Bunu çocuklarımıza nasıl açıklayacağız bilmiyorum ama okumaya vakit ayıramamanın mazeretleri kabul görmeyecektir. Anne babasının elinde kitap görmeyen bir nesli okumamakla suçlayamayız diye düşünüyorum. 

Hayatım boyunca hep şunu hayal ettim; çocuklarımın ilk kez yapacakları şeylere öncülük etmek. İlk defa denizi ya da ormanı gördüklerinde yanlarında olmak. Arazide ilk yatılı kampımızda, çadırımızın yanına uzanıp birlikte yıldızlara bakarak uyuduk. Çocuklarımla bunu deneyimlerken hayatları boyunca bu anı unutmayacaklarını biliyorum.

Okuma kültürü de hayatımızda böyle olmalı bence.

Şehir kütüphanesine giderken kızıma “Apartman kadar büyük binanın içinde binlerce kitap olan bir yer. Ağaçları kitap olan bir orman gibi” demiştim. Gidene kadar neler hayal etti bilmiyorum. Ama eğlendiğini biliyorum.

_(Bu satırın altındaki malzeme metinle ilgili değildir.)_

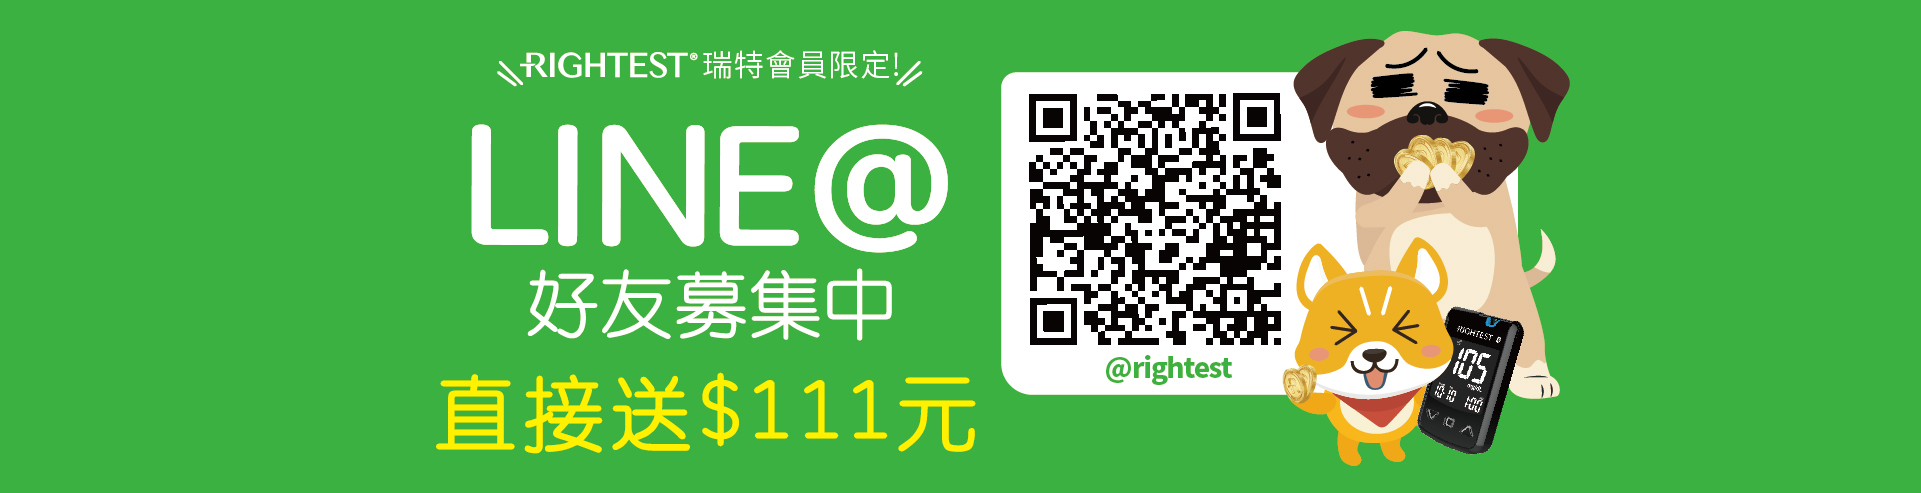 proimages/line_加好友-官網.jpg

Ciltli kitapların ne olduğunu bilmese de ilgisini çekmişti. 

Daha sonra birlikte sahafları da gezdik. Doğduğundan beri kitaplara dokunmadan, resimlerine bakmadan, hikâye dinlemeden bir hafta bile geçirmemesine dikkat ettik. Okumanın ve bir kitaba sahip olmanın heyecanı kaybedilmemeli. 

Sonrası biraz da nasip gibi duruyor. Ebeveynle çocuk arasındaki bağı kuvvetlendirecek bir etken okuma kültürü. Birlikte vakit geçirmek, beraber fikir edinmek, bir ideayı tartışmak, bir tarihin sayfalarını birlikte keşfetmek…

Sözün sonu, kitaplar bizim hayatımızda ne kadar fazla olursa; çocuklarımıza kitap okuma alışkanlığını kazandırmamız o denli kolaylaşacak. Bazen diyorum, kitap okumak da genetik olsaydı keşke.